*Information supplied*.

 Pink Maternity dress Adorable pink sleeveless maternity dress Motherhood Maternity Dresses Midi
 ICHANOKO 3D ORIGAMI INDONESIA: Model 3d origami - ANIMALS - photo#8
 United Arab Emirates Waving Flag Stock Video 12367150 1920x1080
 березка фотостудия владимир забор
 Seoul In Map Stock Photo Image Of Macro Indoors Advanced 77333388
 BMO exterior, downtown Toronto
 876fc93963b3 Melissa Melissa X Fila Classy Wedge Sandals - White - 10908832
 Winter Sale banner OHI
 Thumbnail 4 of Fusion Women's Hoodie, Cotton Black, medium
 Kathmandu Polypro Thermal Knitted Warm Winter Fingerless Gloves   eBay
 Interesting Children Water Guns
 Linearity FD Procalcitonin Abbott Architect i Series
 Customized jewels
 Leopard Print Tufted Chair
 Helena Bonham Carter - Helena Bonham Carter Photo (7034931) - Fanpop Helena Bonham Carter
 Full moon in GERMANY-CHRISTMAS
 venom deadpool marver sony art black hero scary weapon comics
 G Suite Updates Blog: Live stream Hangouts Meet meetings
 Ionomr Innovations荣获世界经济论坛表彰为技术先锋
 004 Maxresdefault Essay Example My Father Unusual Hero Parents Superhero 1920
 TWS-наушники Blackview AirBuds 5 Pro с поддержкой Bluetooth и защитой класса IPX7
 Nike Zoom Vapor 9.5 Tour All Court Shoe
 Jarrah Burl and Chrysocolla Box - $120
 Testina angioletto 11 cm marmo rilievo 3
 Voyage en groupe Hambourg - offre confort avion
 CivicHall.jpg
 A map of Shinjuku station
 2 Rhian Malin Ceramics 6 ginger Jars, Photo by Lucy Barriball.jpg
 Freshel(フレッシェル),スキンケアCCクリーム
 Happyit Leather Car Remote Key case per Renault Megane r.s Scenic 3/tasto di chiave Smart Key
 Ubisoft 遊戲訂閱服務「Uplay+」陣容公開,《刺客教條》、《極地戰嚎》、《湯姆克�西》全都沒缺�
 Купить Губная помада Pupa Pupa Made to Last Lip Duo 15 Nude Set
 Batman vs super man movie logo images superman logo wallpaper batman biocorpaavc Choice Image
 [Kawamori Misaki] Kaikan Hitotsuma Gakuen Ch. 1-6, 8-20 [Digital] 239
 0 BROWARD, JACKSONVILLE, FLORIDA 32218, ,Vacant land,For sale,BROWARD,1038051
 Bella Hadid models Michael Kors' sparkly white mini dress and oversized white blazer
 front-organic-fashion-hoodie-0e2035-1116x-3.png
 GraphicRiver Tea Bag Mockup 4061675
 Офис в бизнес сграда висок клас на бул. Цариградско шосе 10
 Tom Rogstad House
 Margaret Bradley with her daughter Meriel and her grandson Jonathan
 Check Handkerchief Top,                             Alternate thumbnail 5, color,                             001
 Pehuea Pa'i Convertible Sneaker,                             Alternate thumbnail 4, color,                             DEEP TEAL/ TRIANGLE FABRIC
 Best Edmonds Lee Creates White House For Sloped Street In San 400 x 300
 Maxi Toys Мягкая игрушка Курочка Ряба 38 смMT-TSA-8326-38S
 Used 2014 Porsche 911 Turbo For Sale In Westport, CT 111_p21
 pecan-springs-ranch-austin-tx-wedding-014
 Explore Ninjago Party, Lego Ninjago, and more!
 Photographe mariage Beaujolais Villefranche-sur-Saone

*Your objective*. From the records above, print exactly the lines that run from the line with "Kathmandu Polypro Thermal" to the line with "Full moon in GERMANY-CHRISTMAS", inclusive.

*Solution*.
 Kathmandu Polypro Thermal Knitted Warm Winter Fingerless Gloves   eBay
 Interesting Children Water Guns
 Linearity FD Procalcitonin Abbott Architect i Series
 Customized jewels
 Leopard Print Tufted Chair
 Helena Bonham Carter - Helena Bonham Carter Photo (7034931) - Fanpop Helena Bonham Carter
 Full moon in GERMANY-CHRISTMAS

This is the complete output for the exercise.